It seems that you are worried about the objcg of root memcg may change
from NULL to something else one day, right ? If it is the case, I think
both option 3 and 4 are fine. But I still think passing the desired
objcg to bpf_mem_alloc_percpu_init() directly is better. If the objcg of
root memcg is not NULL afterwards, we can update the passed parameter
accordingly.
>
>>
>>>> +                            if (!err)

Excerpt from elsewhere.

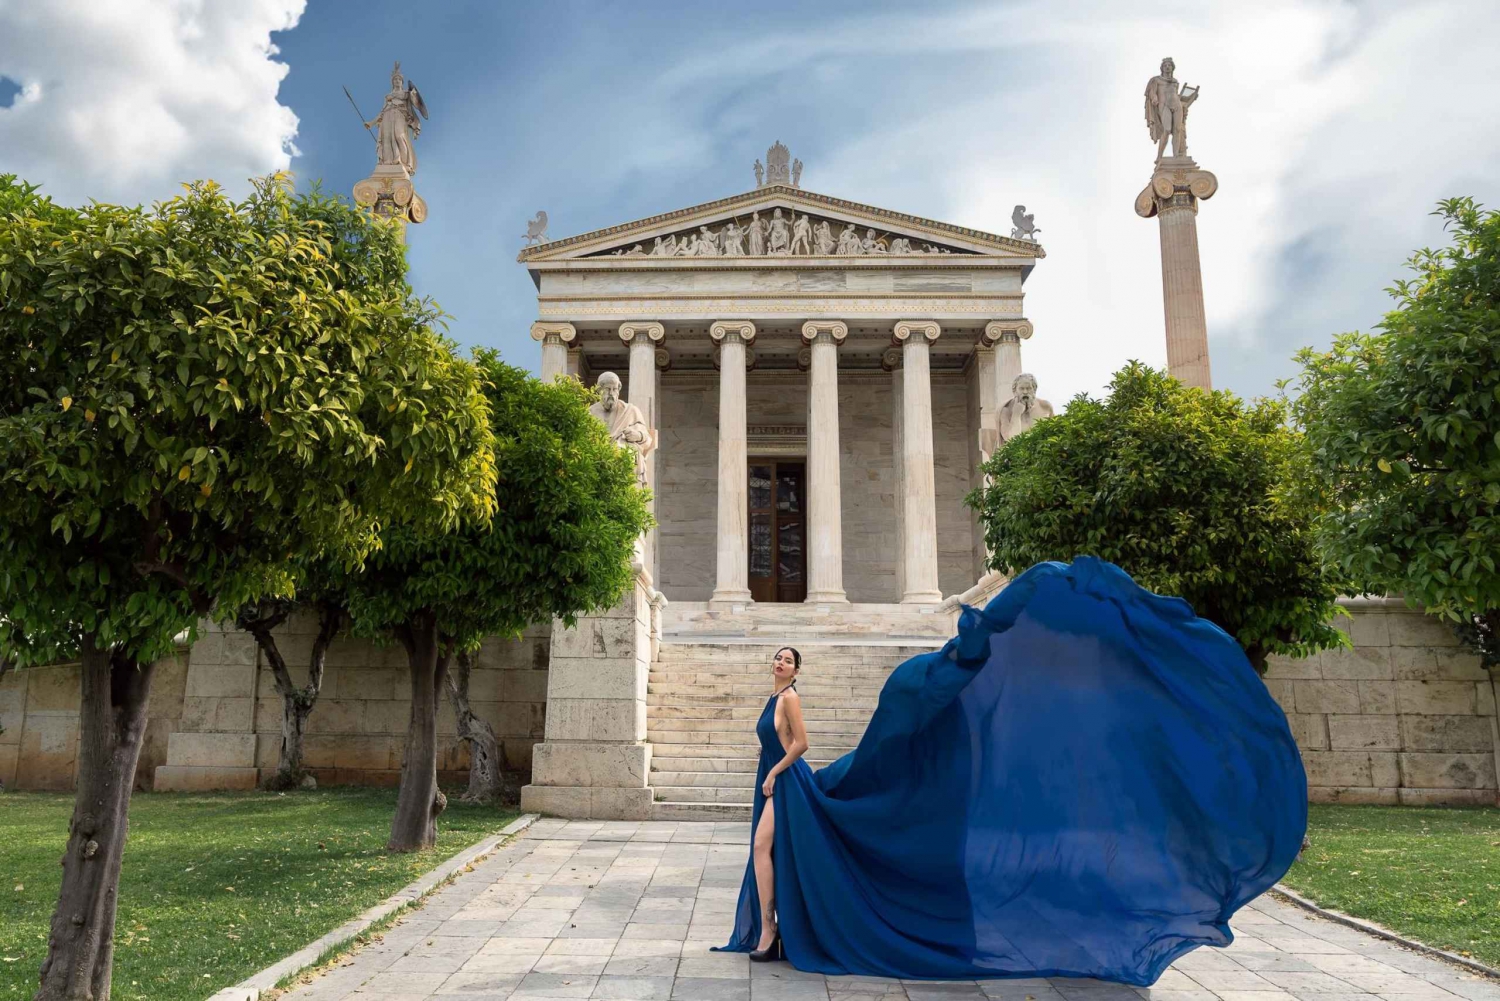 Athen: Fotoshoot med flyvende kjole 'Express-pakke'

>>>> +                                bpf_global_percpu_ma_set = true;
>>>> +                        }
>>>> + mutex_unlock(&bpf_percpu_ma_lock);
>>>> +                        if (err)
>>>> +                            return err;
>>>> +                    }
>>>> +
>>>> +                    mutex_lock(&bpf_percpu_ma_lock);
>>>> +                    err =
>>>> bpf_mem_alloc_percpu_unit_init(&bpf_global_percpu_ma, ret_t->size);
>>>> +                    mutex_unlock(&bpf_percpu_ma_lock);
>>>> +                    if (err)
>>>> +                        return err;
>>>> +                }
>>>> +
>>>>                   struct_meta = btf_find_struct_meta(ret_btf,
>>>> ret_btf_id);
>>>>                   if (meta.func_id ==
>>>> special_kfunc_list[KF_bpf_percpu_obj_new_impl]) {
>>>>                       if (!__btf_type_is_scalar_struct(env,
>>>> ret_btf, ret_t, 0)) {
>>>
>>